Ein noch sehr junger Barak mit schönem Legato, ebenmäßigem Ton und exzellenter Aussprache war Thomas Jesatko, der an Ausstrahlung zweifellos noch gewinnen wird. Manchen Hörer von heute mag die wirklich dramatische Stimme von John Horton Murray irritieren, die nicht die helle Farbe und den Glanz eines lyrischen Tenors besitzt, dafür aber das Gewicht eines Heldentenors, wie man sie von historischen Aufnahmen kennt und schätzt, und ähnlich wie sie muss er für den einen oder anderen Ton oberhalb des Systems hörbar arbeiten und um die korrekte Intonation das eine oder andere Mal kämpfen, nicht immer, aber doch meistens mit Erfolg. Ein kluger Gestalter ist der bemerkenswerte Künstler in jedem Fall, und so sind auch seine Szenen - nicht wie in manch anderer Produktion - mehr als vokale Höhepunkte.

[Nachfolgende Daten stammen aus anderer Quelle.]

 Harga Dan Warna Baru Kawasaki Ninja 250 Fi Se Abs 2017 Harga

Der Kaiser (John Horton Murray) und die Kaiserin (Ludmila Slepneva)
im Finale: "Wenn das Herz aus Kristall ..."

Auf außerordentlichem Niveau und mit großer Präzision sangen Frank van Hove (Einäugiger), Taras Konoshchenko (Einarmiger) und Oskar Pürgstaller (Buckliger) die drei Brüder des Färbers, Jan Buchwald war ein gewichtiger Geisterbote von großer Würde, die am Nationaltheater so beliebte Cornelia Ptassek mit frischem, tragfähig-durchdringendem Sopran ein aufhorchen lassender Hüter der Schwelle, solide Leistungen kamen von Marina Ivanova als Stimme des Falken, Yonka Hristova als Stimme von oben sowie Avtandil Merebashvilii, Junchul Ye und Stephan Somburg als Stimmen der Wächter der Stadt.

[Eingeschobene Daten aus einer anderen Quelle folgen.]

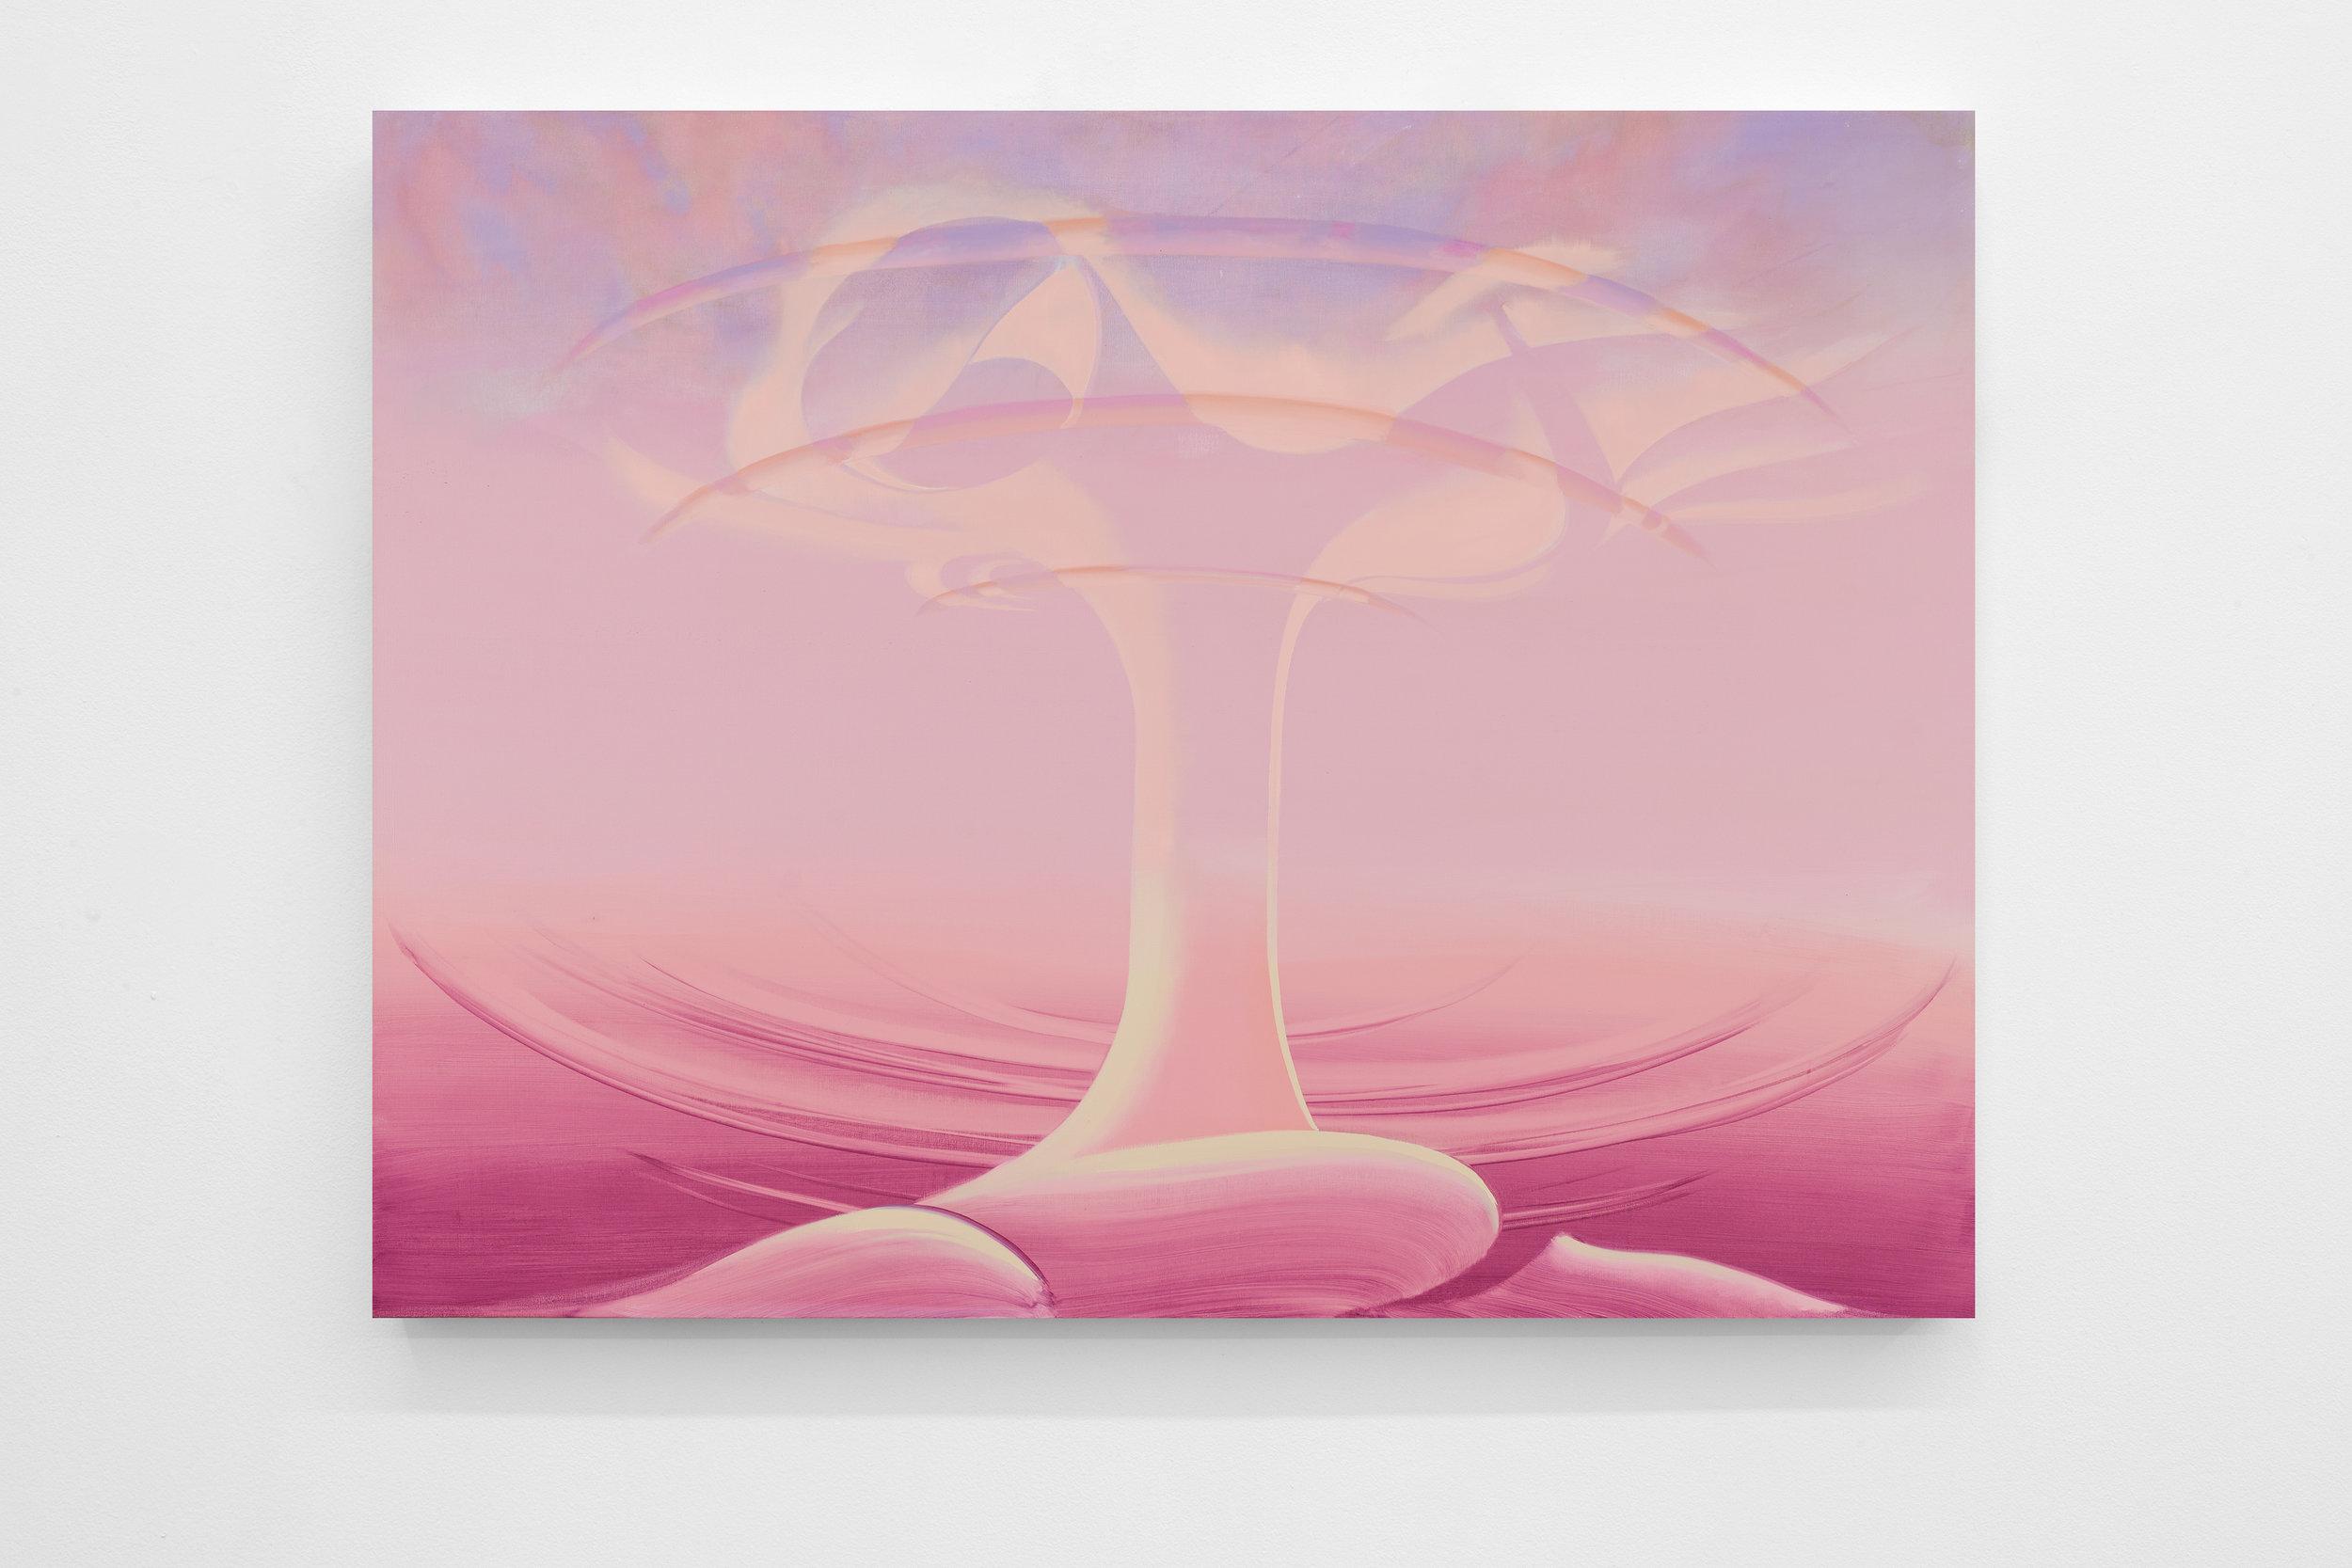 Anders Oinonen,  Sulo , 2019, Oil on canvas, 75 x 96 in

Axel Kober, der junge, immens talentierte kommissarische GMD des Nationaltheaters, hat den gewaltigen Klangapparat beeindruckend im Griff und macht dem Bühnenpersonal die ohnehin schwere Sache nicht noch schwerer, er nimmt sich auch die nötige Zeit und hetzt nicht durch das Werk, er überrumpelt die Zuhörer nicht, "so daß sie gar nicht recht zur Besinnung kämen", wie es Fritz Schalk als Kritik in seinen Blicken in die Partitur referiert, es gelingen Momente von großer Dichte wie etwa der erste Aktschluss, aber andere wirken noch zu einstudiert, zu wenig gefühlt, so dass man den Eindruck hat, dass der Dirigent wie sein weitgehend hinreißend musizierendes Orchester noch eine Zeitlang brauchen, damit sich dieses besondere Werk setzen kann, damit die innere musikalische Gedankenwelt dieser Oper noch überzeugender erfasst werden kann.

FAZIT
Zweifellos hat das Nationaltheater Mannheim einmal mehr bewiesen, dass es den Rang, die Kapazitäten und nicht zuletzt das Ensemble hat, um solche musiktheatralischen Großtaten neben einem anstrengenden Repertoirebetrieb zu vollbringen - die oben beschriebenen Schönheitsfehler ändern daran nichts.